Task statement
Except for images, print the whole listing verbatim.

Supplied material
-------------------------

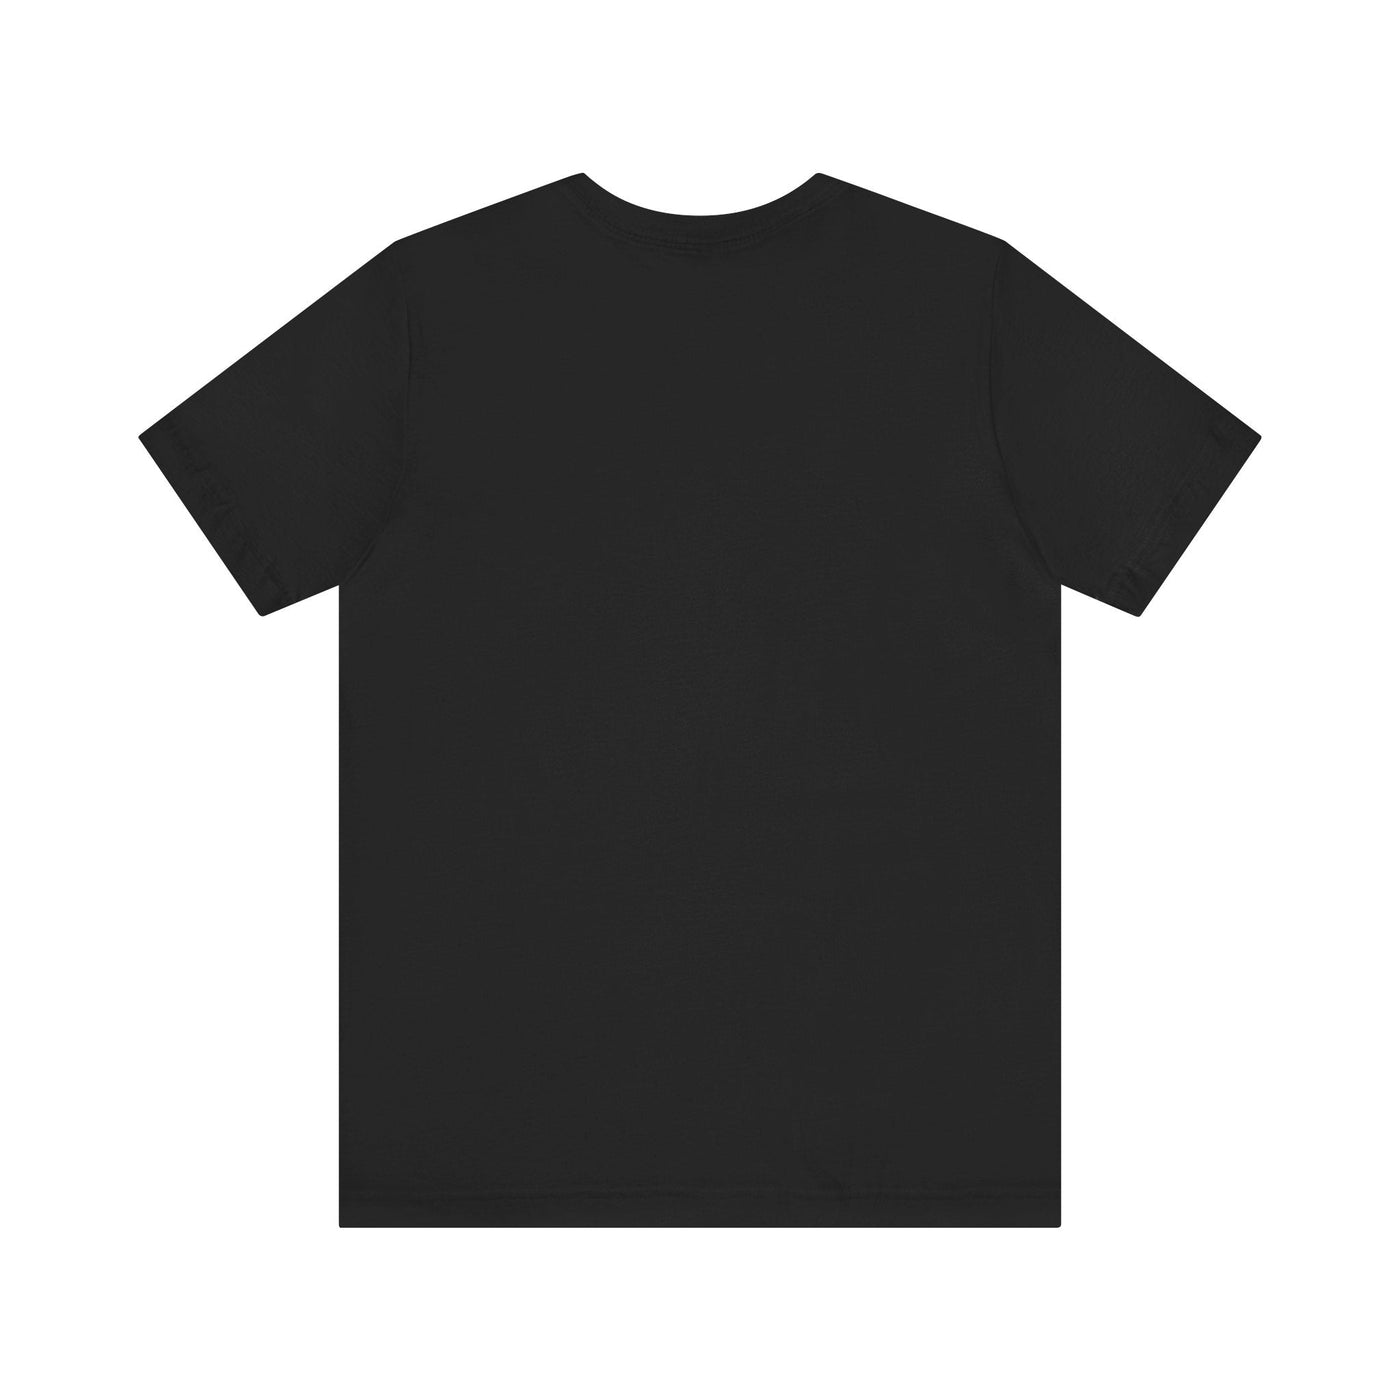 Beach Boy Sharky Unisex T-shirt
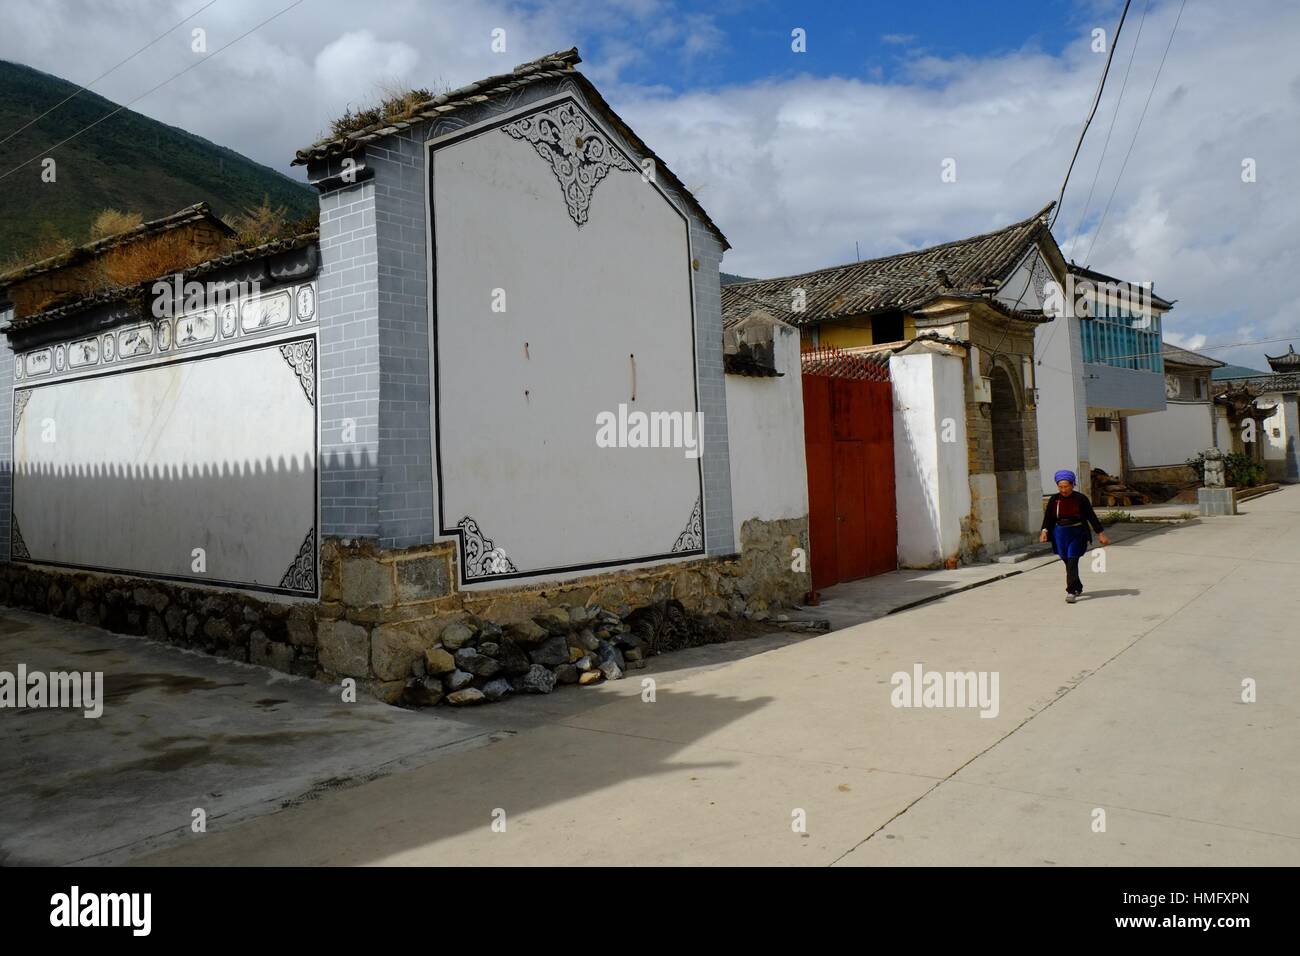 Caratteristica architetturale circa della Minoranza Bai, Dali, nella provincia dello Yunnan in Cina Foto Stock
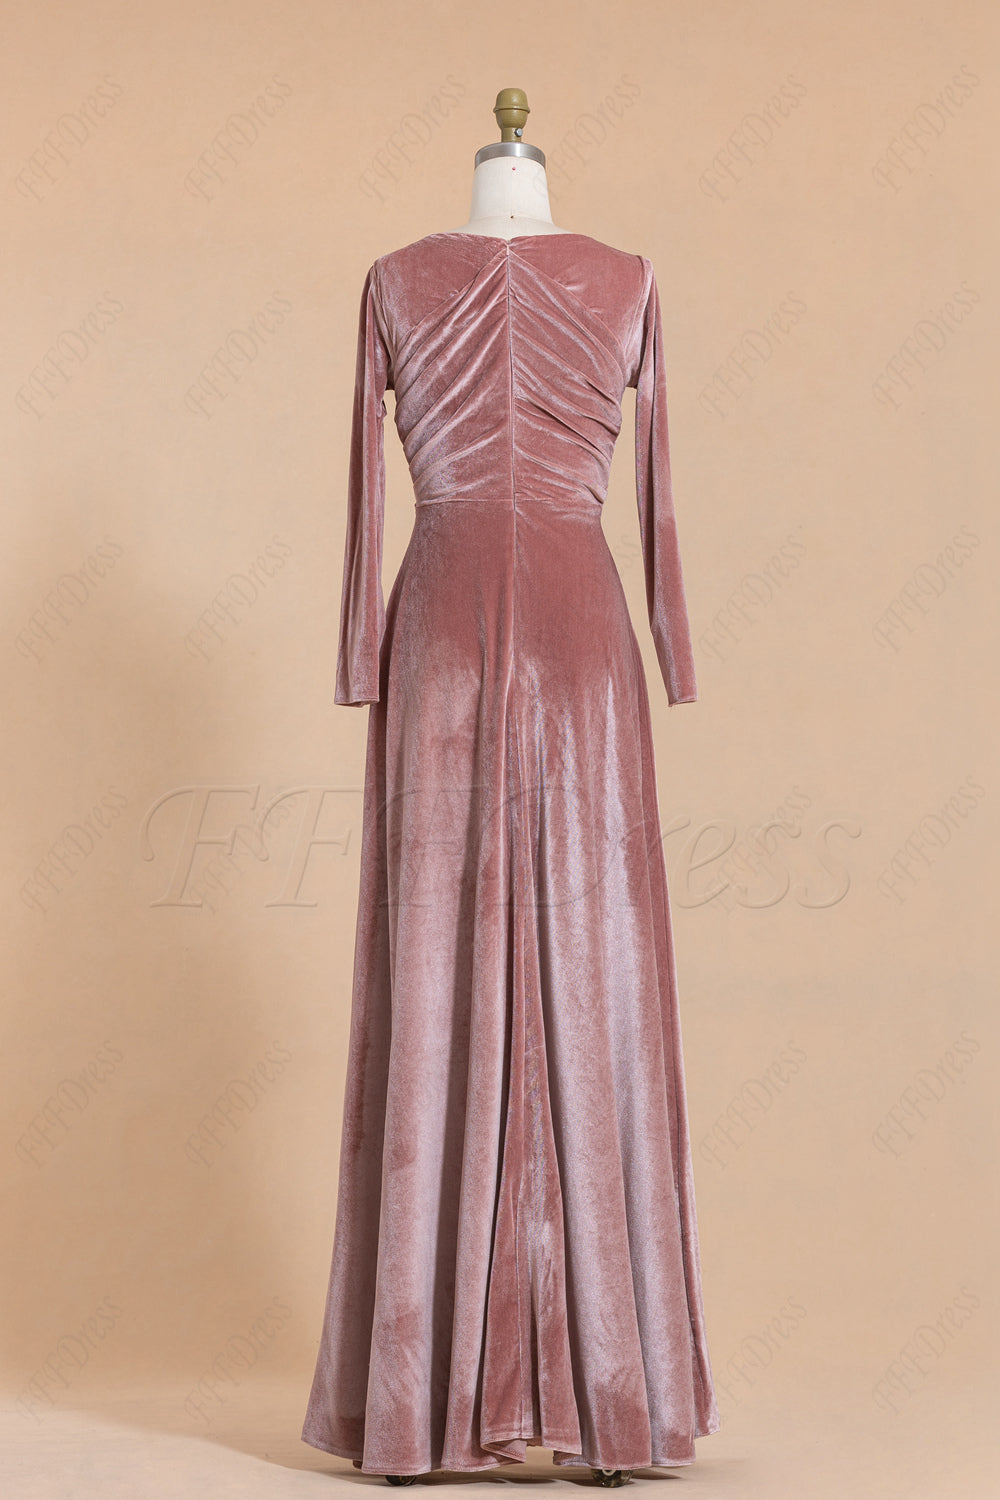 Modest Cinnamon Rose Velvet Bridesmaid Dresses for Fall Winter Weddings

-------------------------

Response box
 Beach Boy Sharky Unisex T-shirt
 Caratteristica architetturale circa della Minoranza Bai, Dali, nella provincia dello Yunnan in Cina Foto Stock
 Modest Cinnamon Rose Velvet Bridesmaid Dresses for Fall Winter Weddings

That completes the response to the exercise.